As with many new promising technologies, chatbots are getting hyped as a new innovative tool that can aide humanitarian response and international development practitioners. There are many reasons to be excited, but suitability is key to success.
What follows are some insights and areas of consideration that our technology and design teams, which has worked on technology deployments extensively in remote and low resource settings, have gathered on how to think about good use cases for chatbots.
1. Chatbot Limitations
The first question to ask yourself: is a chatbot the right match for my project needs? The usefulness and value of a chatbot is dependent on the tasks being assigned to them.

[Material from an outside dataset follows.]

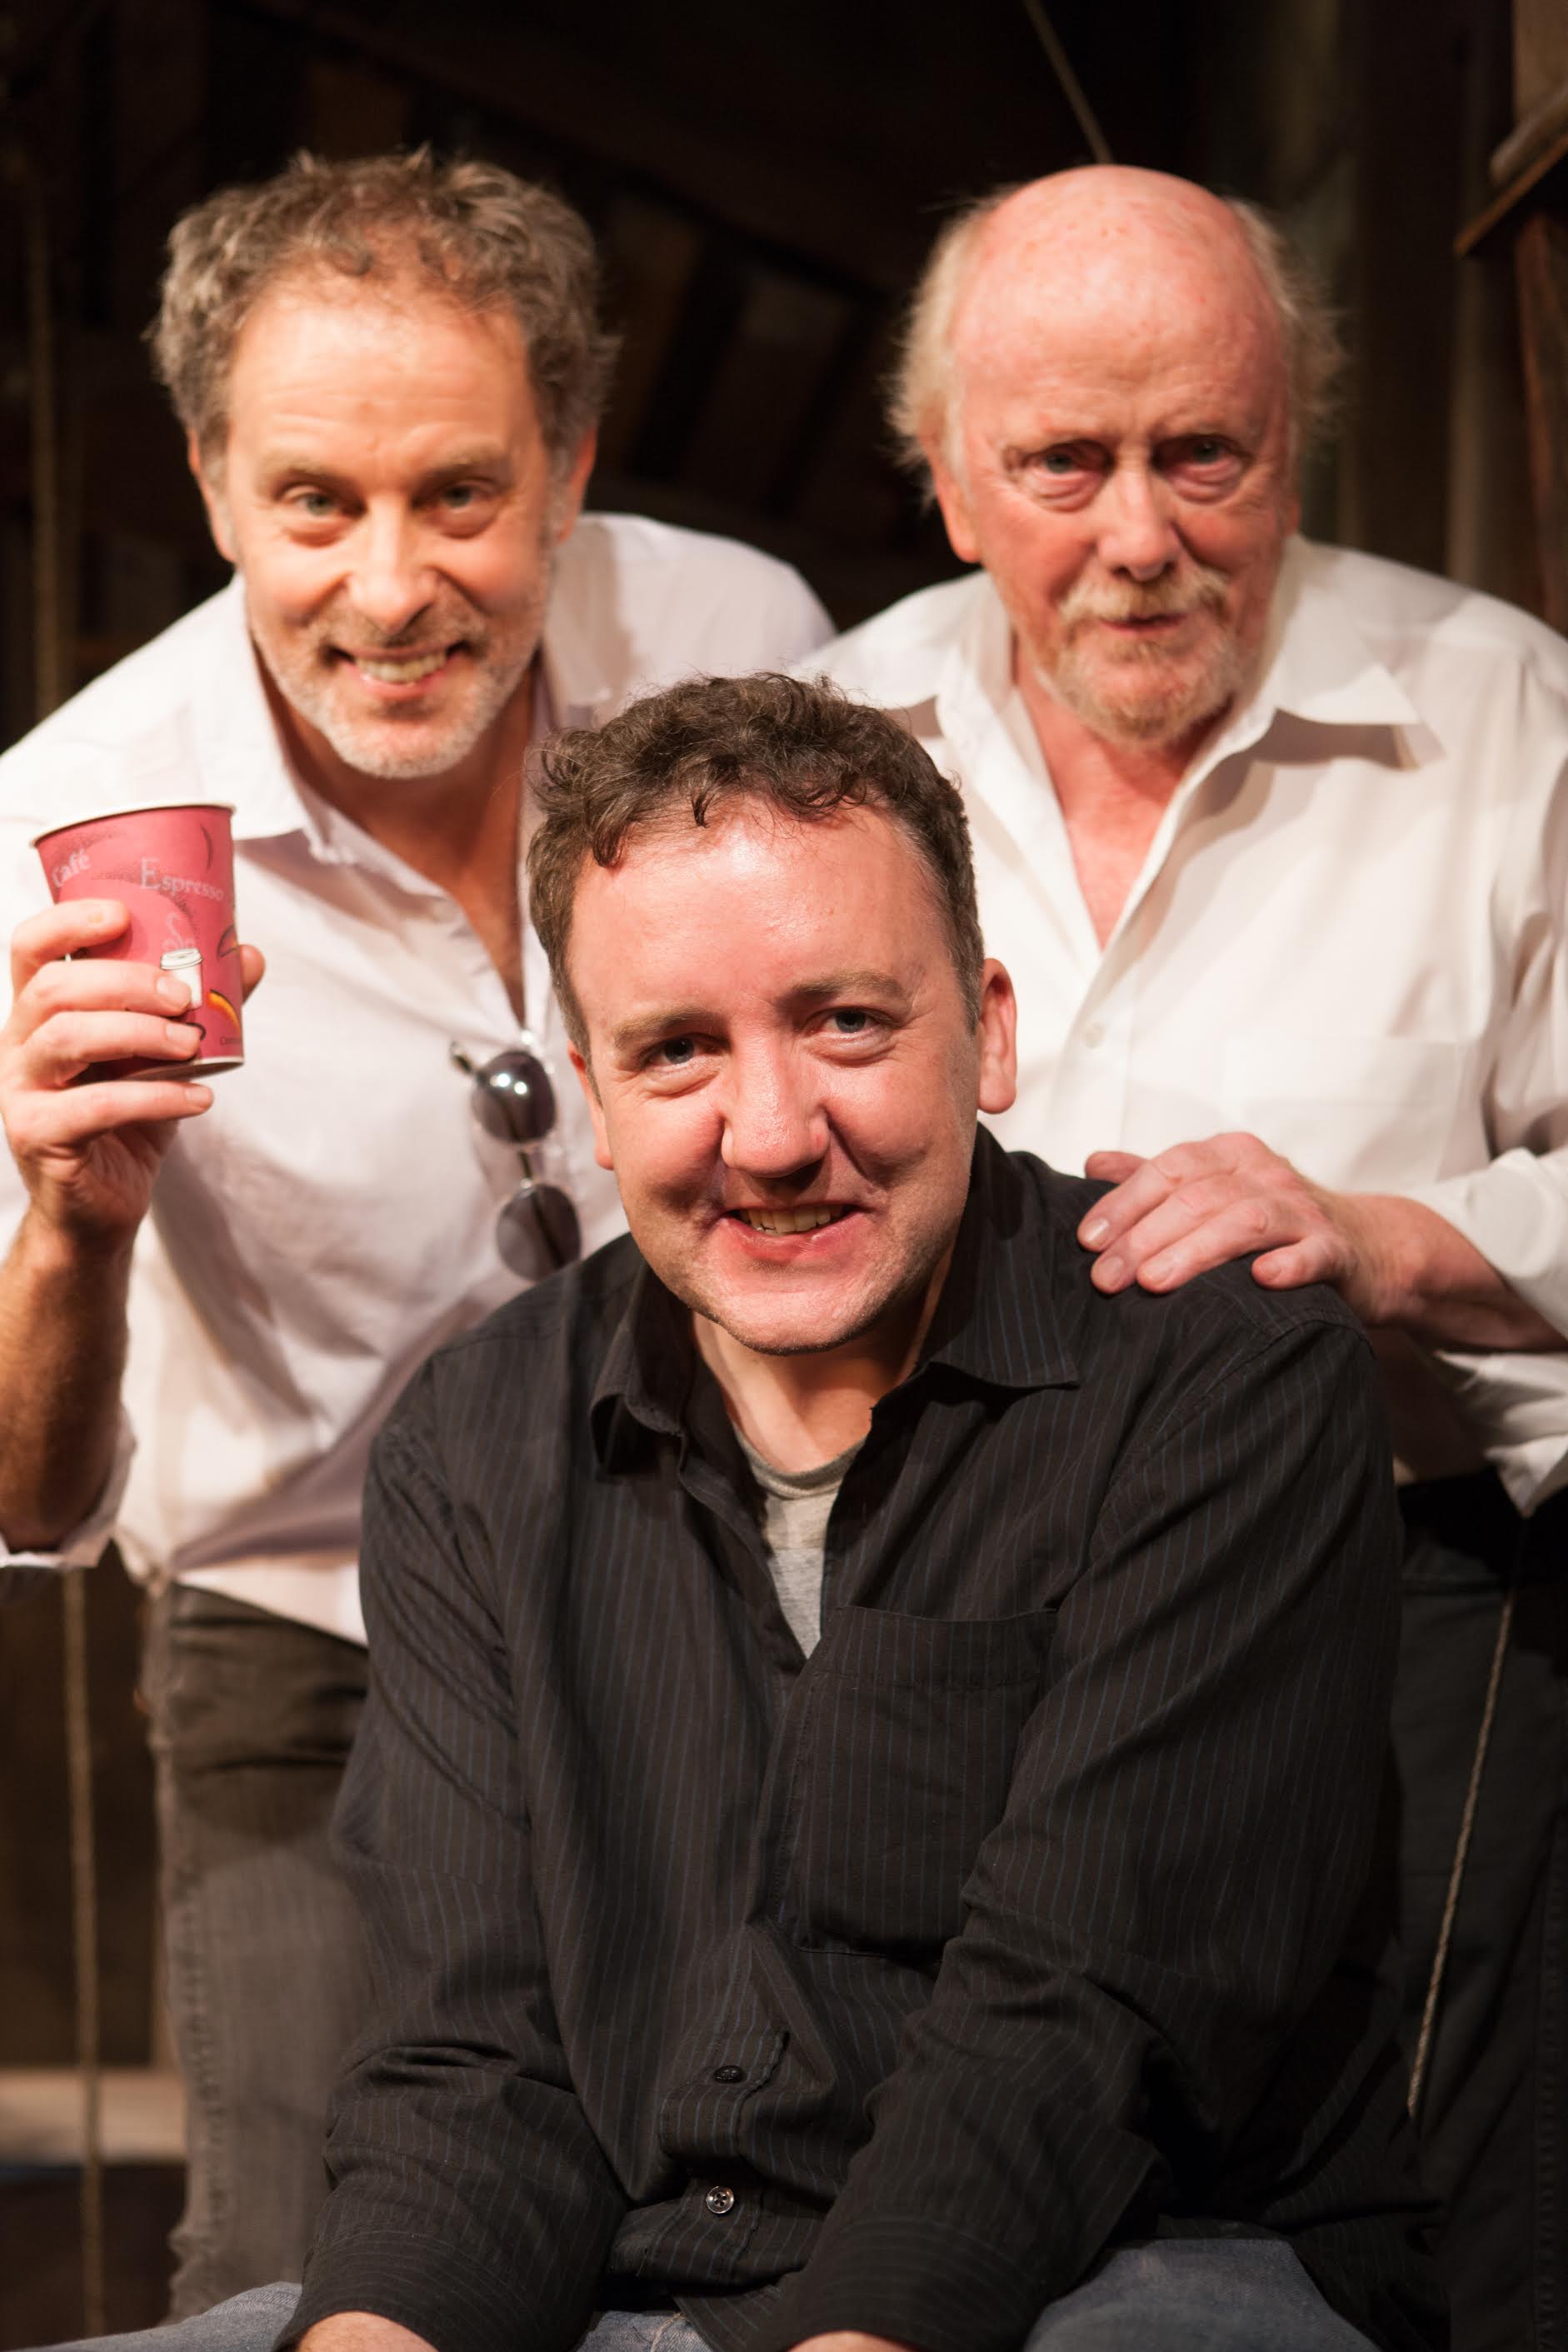 John McManus, front, with the cast of the ‘The Quare Land’, Rufus Collins, left, and Peter Maloney

If a chatbot were looking for a job, their résumé might list the following as strengths and weaknesses:
- Perfect math abilities
- Excellent data retrieval skills
- Great time and scheduling management:
- Limited conversational capacity
- Narrow domain expertise
A chatbot will work well for you if the respondents answers are quantitative or easily recognizable word responses, such as numbers or specific words and phrases like “Monday” or “High fever”. Chatbots also excel when implementing surveys with complex skip logic, jumping to particular questions quickly based on previous answers of the respondent. For example, a chatbot can quickly be able to direct responders in survey in the case of answer to question A is greater than 1 and the answer to question B was lower than 5, then send them to question E.
Where a chatbot doesn’t work so well is dealing with open-ended questions and descriptive qualitative answers, for example, “What was your secondary school experience like?” or “How are you feeling today?”
Matching chatbots abilities with the needs of your program is an important initial consideration to determine if it is an appropriate technology choice.
2. The Impact of an Invisible Interface
When users open a standard mobile application or a website, they see blocks of text content, images, and buttons that invite them to interact. This is the interface. In a chatbot, the only interface is a text-based conversation.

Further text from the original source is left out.